Tom Utech. Vice President of Marketing and Strategic Innovation, BD: The one role that's going to reach a critical point is nursing. Nurses traditionally work in hospitals and physician offices, but what I hear more and more from customers is nurses have so many options like clinics that are going up and other types of employment, and it's really creating shortages on acute care side. As more and more of these nontraditional players get into the market, they are going to draw some of that key nursing talent out, which is going to stress the system even more.  

Wes Wright. Chief Technology Officer, Imprivata: The answer is: Anybody in IT. We are in competition with everybody who is in technology right now. It wasn't that way 5 to 7 years ago. We somewhat egotistically thought that in order to do IT in healthcare, you needed a healthcare background, yet we weren't hiring people with healthcare backgrounds anyhow. [Hospitals] started the war by hiring from the software companies. Then they went, "Ok if you are going to hire from us, we're going to hire from you." You have Microsoft and Amazon that are snapping up healthcare IT people. At the same time, healthcare is attracting IT people from other industries, Providence St. Joseph Health just hired a former Microsoft employee as CIO, for example. So really, it's a wash.

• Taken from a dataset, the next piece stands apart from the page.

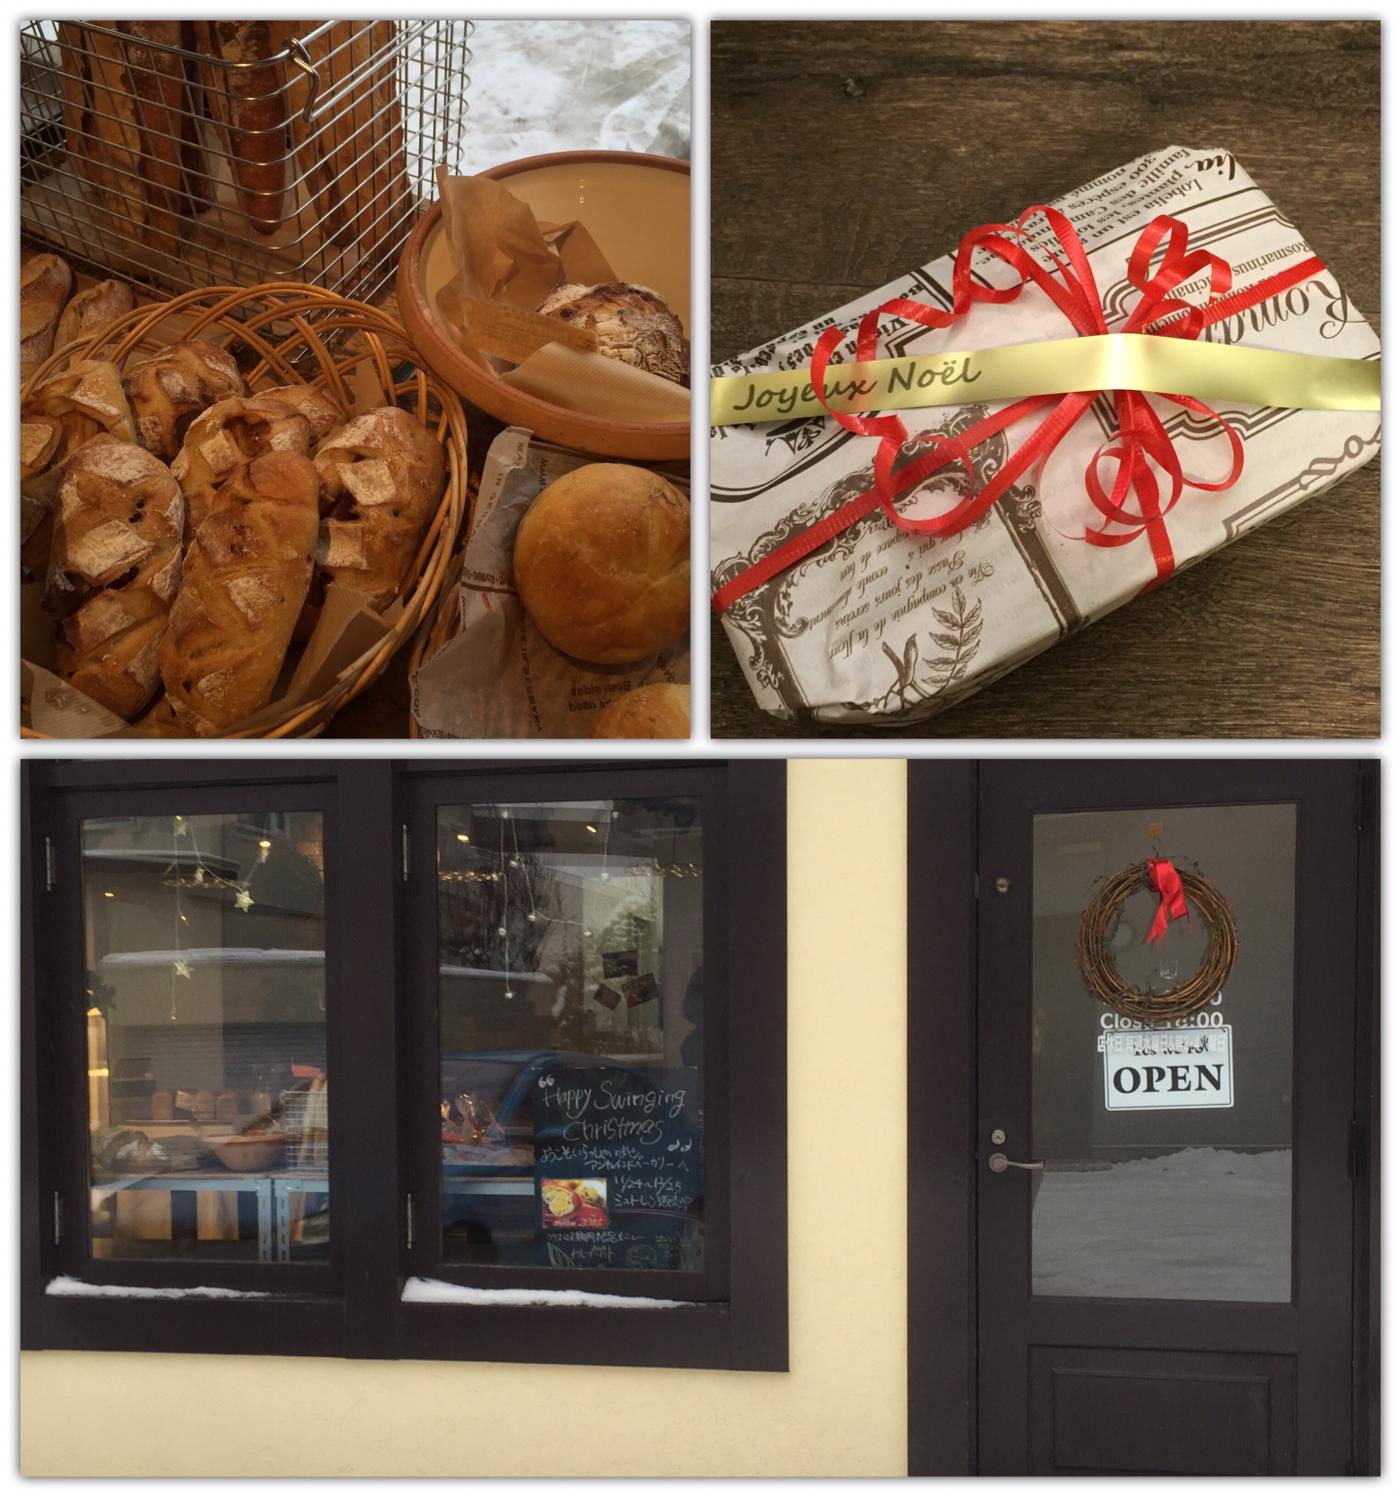 「UNCHAINEDbakery(アンチェインドベーカリー)」 住宅街にそっと建つ素敵なパン屋さん【札幌 西区 宮の沢】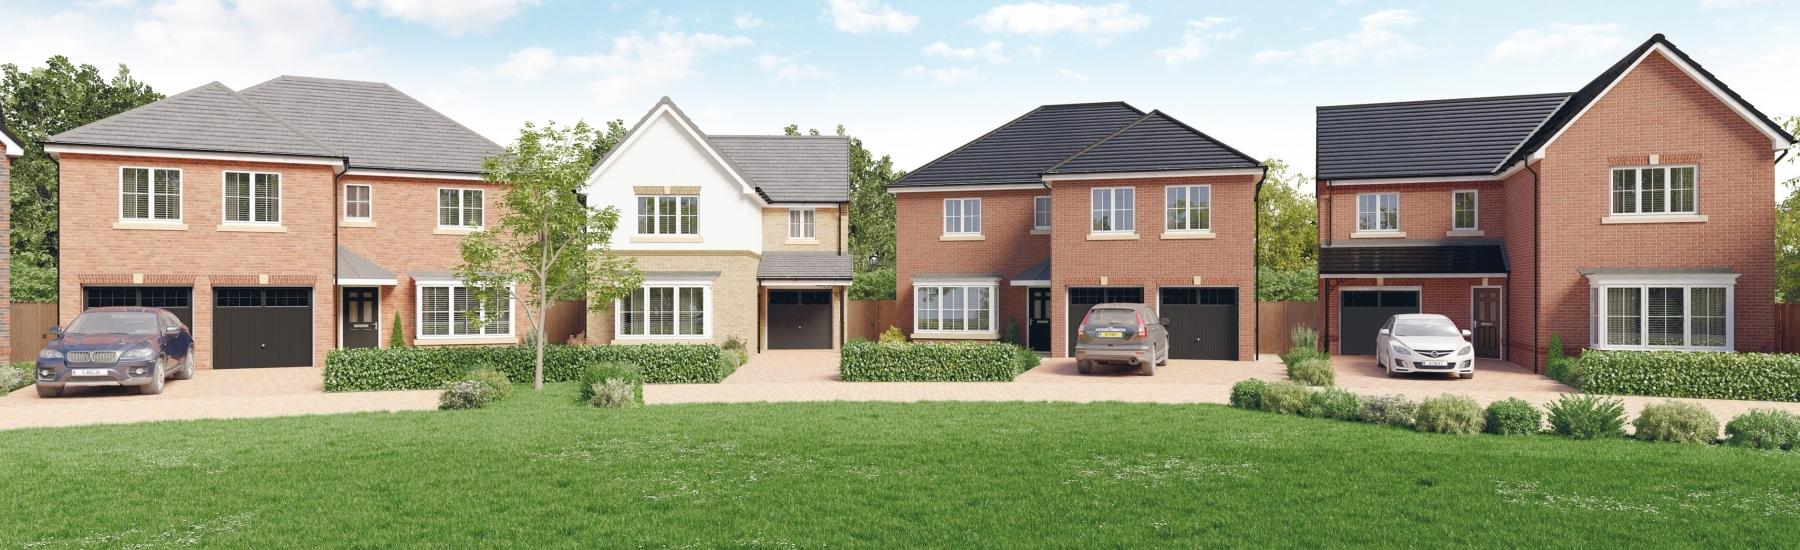 New build homes Newcastle upon Tyne UK 2 5 Bedroom

Megan Callahan, Vice President of Healthcare, Lyft: As the healthcare industry continues to evolve, there is some shifting going on among the top talent. As more avenues open up to build healthcare solutions, more medical professionals are naturally going to pursue these new opportunities. This is an exciting development – as more minds and more energy goes behind solving some of the most pressing industry issues, we are going to end up with better products and outcomes for patients.

Jason Considine, Senior Vice President, Patient Collections and Engagement, Experian Health: All tech IT companies, the Apples and Amazons, and I would put us in that boat too. Hospitals are in competition with us for talent. We have similar needs from an IT and tech perspective. It's interesting Apple, Google and those types of companies have started hiring a lot of physicians.

This article was updated Feb. 25 at 2:40 p.m. CST.